Motion captured performance. Wacky visual effects. Synchronized to music. Controlled in real-time by the performer. Streamed live on the internet.
Initial version:
Upgraded version:
I already had a basic livestreaming motion capture system up and running, which I could use as a starting point. My homebuilt motion capture suit animates a 3D character in real-time, the character is composited over a pre-rendered background, and the output can be recorded or streamed onto the internet.

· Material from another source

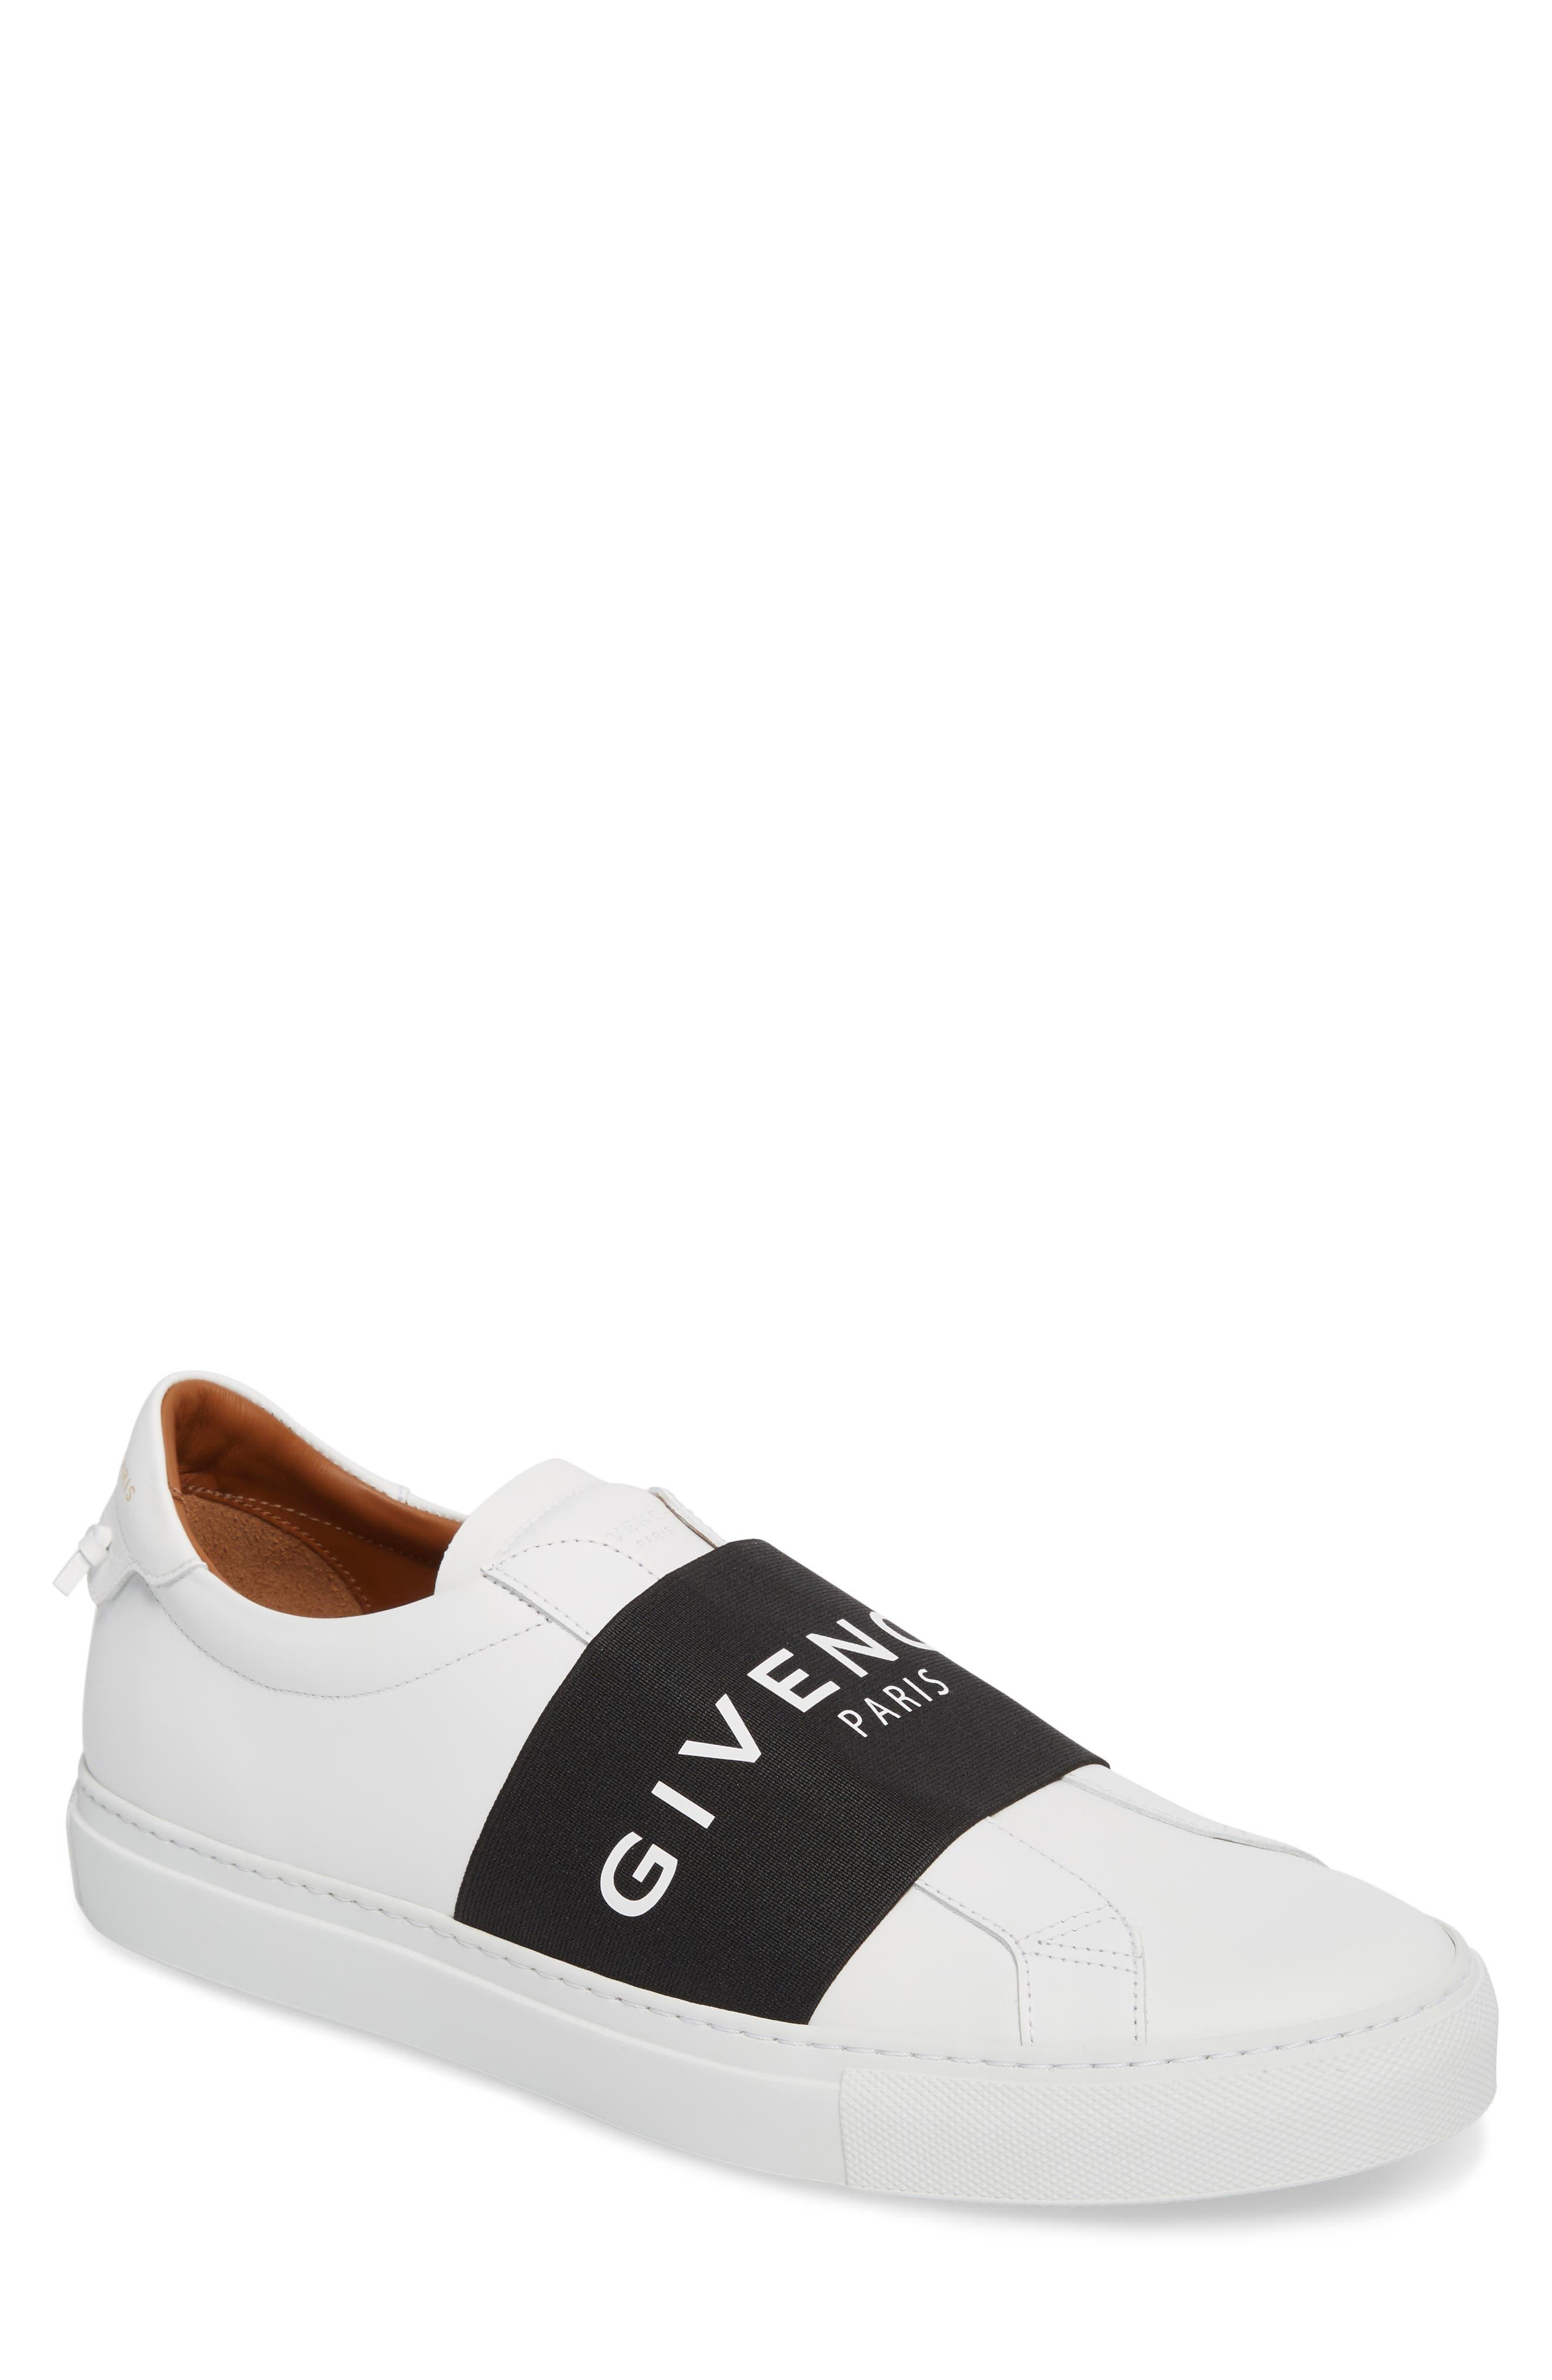 Givenchy Urban Knots Sneaker (Men)

I needed to add the following functionality:
My current solution only offered a single camera with a stationary front view of the character. The looping background scene is pre-rendered using the same camera as the character to keep everything spatially consistent.
If I wanted to create dynamic content I would need multiple camera positions to choose from. The following camera positions should be sufficient:
I anticipated wanting sweeping/panning camera moves between these positions, in which case only a single camera would be needed in Blender and I could update its position and rotation to transition between these “standard” viewing angles. For now I decided to keep things simple and switch between different static cameras:
I pre-rendered a looping background scene from each of these new camera positions:
By matching the Blender viewport camera to the appropriate background render I can dynamically change the scene in a convincing way:
This was where things got fun. I’m a huge fan of datamoshing, analog video artifacts, video feedback, digital compression artifacts, and psychedelic art. I wanted to build a system which would allow me to play with these types of effects.
I had three video streams: a 3D character, a background, and a composite of the two. Each of these layers is suited to different type of effects: the character could experience glitch effects (ala Max Headroom), the background could cycle through colors in a psychedelic fashion, and the final composite might have effects applied to it to simulate various media (for example, a green monochrome CRT display, or a scratchy 16mm video).
What I needed was a system which could work with these various video streams independently, offering the flexibility to toggle and combine various effects on-demand in a performant way. This is the problem that all VJs face, so I started by surveying the software they use.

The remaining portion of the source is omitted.